04/22/2025
By Danielle Fretwell
Candidate Name: Mohammad Bagheri Kashani
Degree: Doctoral
Defense Date: Thursday, May 1, 2025
Time: 1-3 p.m.
Location: Saab Emerging Technologies and Innovation Center (ETIC), Room 445
Committee:
Advisor: Bridgette M. Budhlall, Ph.D., Professor & Associate Chair for Doctoral Program, Plastics Engineering, UMass Lowell
Committee Members*
1. Ramaswamy Nagarajan, Ph.D. Distinguished University Professor, Plastics Engineering, UMass Lowell
2. Weile Yan, Ph.D., P.E., Associate Professor & Associate Chair for Environmental Studies, Civil Engineering, UMass Lowell
Abstract:
In this multidisciplinary research, we present eco-friendly remediation of drinking water and groundwater via various approaches. The first involves an integrated strategy addressing both the removal of PFAS from drinking water and the proactive development of sustainable alternatives to PFAS for the textile and microelectronics industries, while also developing a novel sampler to identify, capture, and quantify toxic contaminants stemming from abiotic dechlorination processes in groundwater.
The safer and effective alternatives to PFAS were introduced in two research projects. In the first project for the replacement of PFAS surfactants in microelectronics, a comprehensive methodology for identifying alternatives to hazardous PFAS was developed and applied. In this approach, alkyl polyglucoside and polyoxyethylene-based surfactants were evaluated as potential substitutes. The findings revealed that etchants formulated with these safer surfactants exhibited superior wetting characteristics compared to their PFAS-based counterparts.
Additionally, the alternative surfactants demonstrated significantly lower toxicity scores. As a result of this work, a cohort of 100
semiconductor manufacturers has adopted these lower-toxic alternatives in their processes.

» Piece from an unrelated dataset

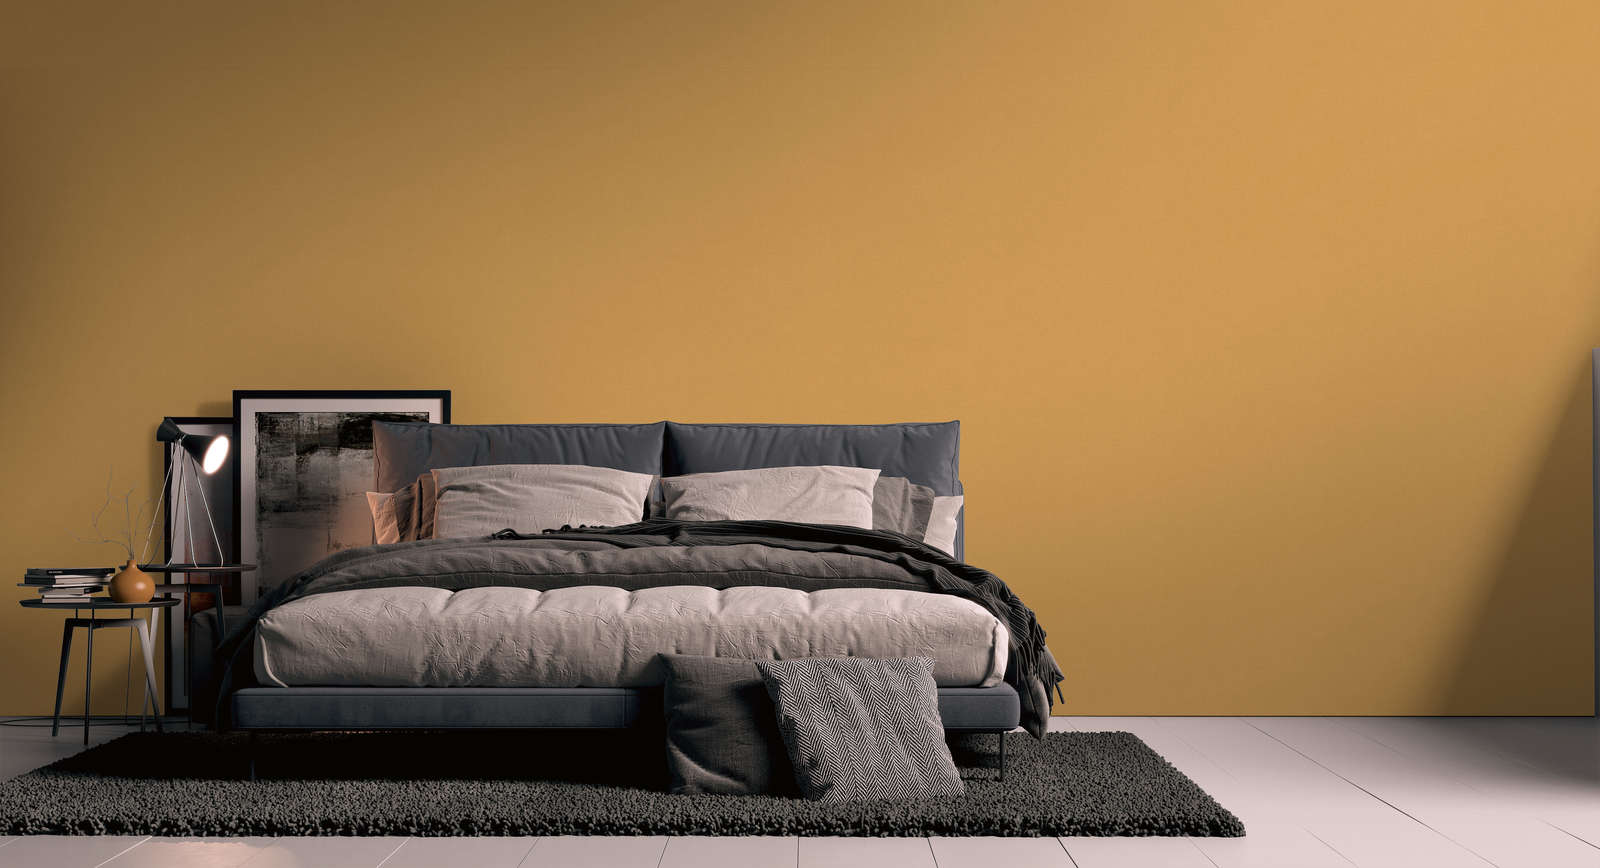             Plain non-woven wallpaper in bold colours - yellow

The second project to replace PFAS involves developing omniphobic PFAS-free coatings for textiles. Novel PFAS-free omniphobic fabric coatings, including long-chain silane and PDMS-based formulations, were evaluated and compared. These coatings offer facile application methods while preserving the mechanical properties of the fabrics. The treated fabrics demonstrated durable, liquid-like brush surfaces that imparted both omniphobicity and strong alcohol repellency. Notably, the coatings maintained their liquid-repellent performance even after repeated abrasion and washing cycles. Toxicity assessments using the P2OAsys tool confirmed that both coatings were significantly less toxic than conventional PFAS-based alternatives.
For remediation of PFAS-contaminated drinking water, our study leverages porous quaternized chitosan microparticles (PQCBs) as a biodegradable and biorenewable adsorbent with tunable porosity and surface charge. By tailoring surface porosity, we demonstrate enhanced PFAS uptake capacity and regenerability, providing a more sustainable and scalable alternative to conventional materials such as granulated activated carbon.

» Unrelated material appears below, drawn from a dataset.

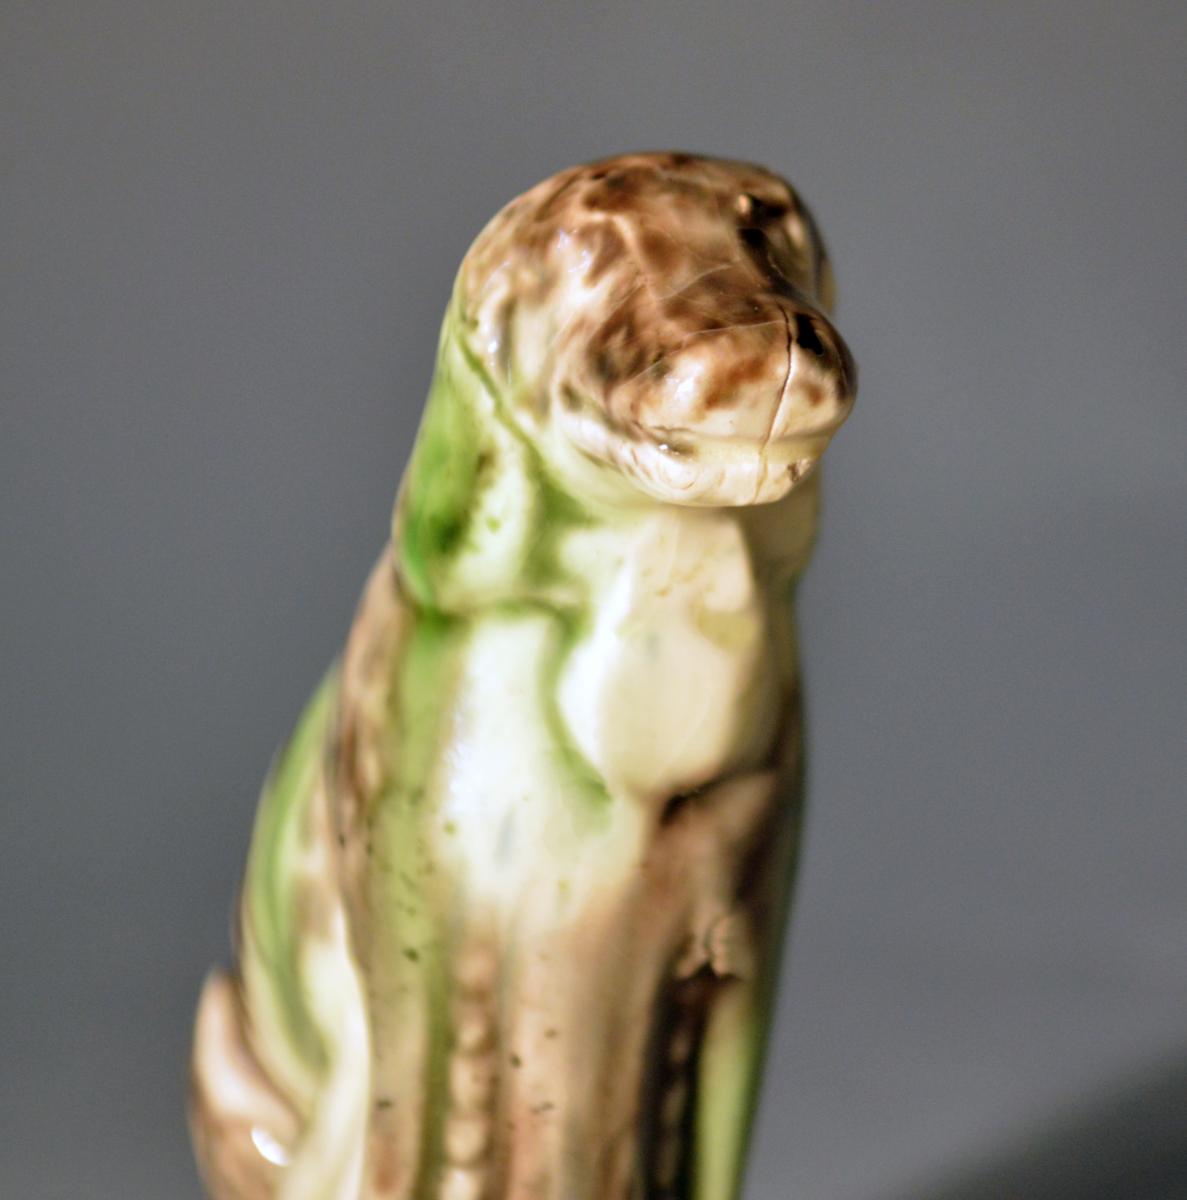 English Creamware Pottery Toy Whieldon-type Figure of a Hound

For the remediation of groundwater contaminated with chlorinated solvents, we developed a novel sampler using multifunctional
microcapsules that captured and quantified acetylene, a key by-product of chlorinated solvent degradation. Chlorinated solvents in groundwater are toxic, and they persist for long periods due to their slow abiotic transformation rates. Click chemistry, particularly the azide-alkyne cycloaddition reaction, provides a highly selective and efficient method for tracking transformation intermediates such as acetylene. This study investigates the use of a click reaction-based acetylene sampler to facilitate precise, long-term monitoring of abiotic transformation rates, offering a robust and field-deployable approach for assessing contaminant fates in groundwater systems. Two key components are synthesized and characterized to achieve this: azide-functionalized nanoparticles for selective acetylene capture an alkyne-loaded slow-release microcapsules to ensure controlled reagent availability.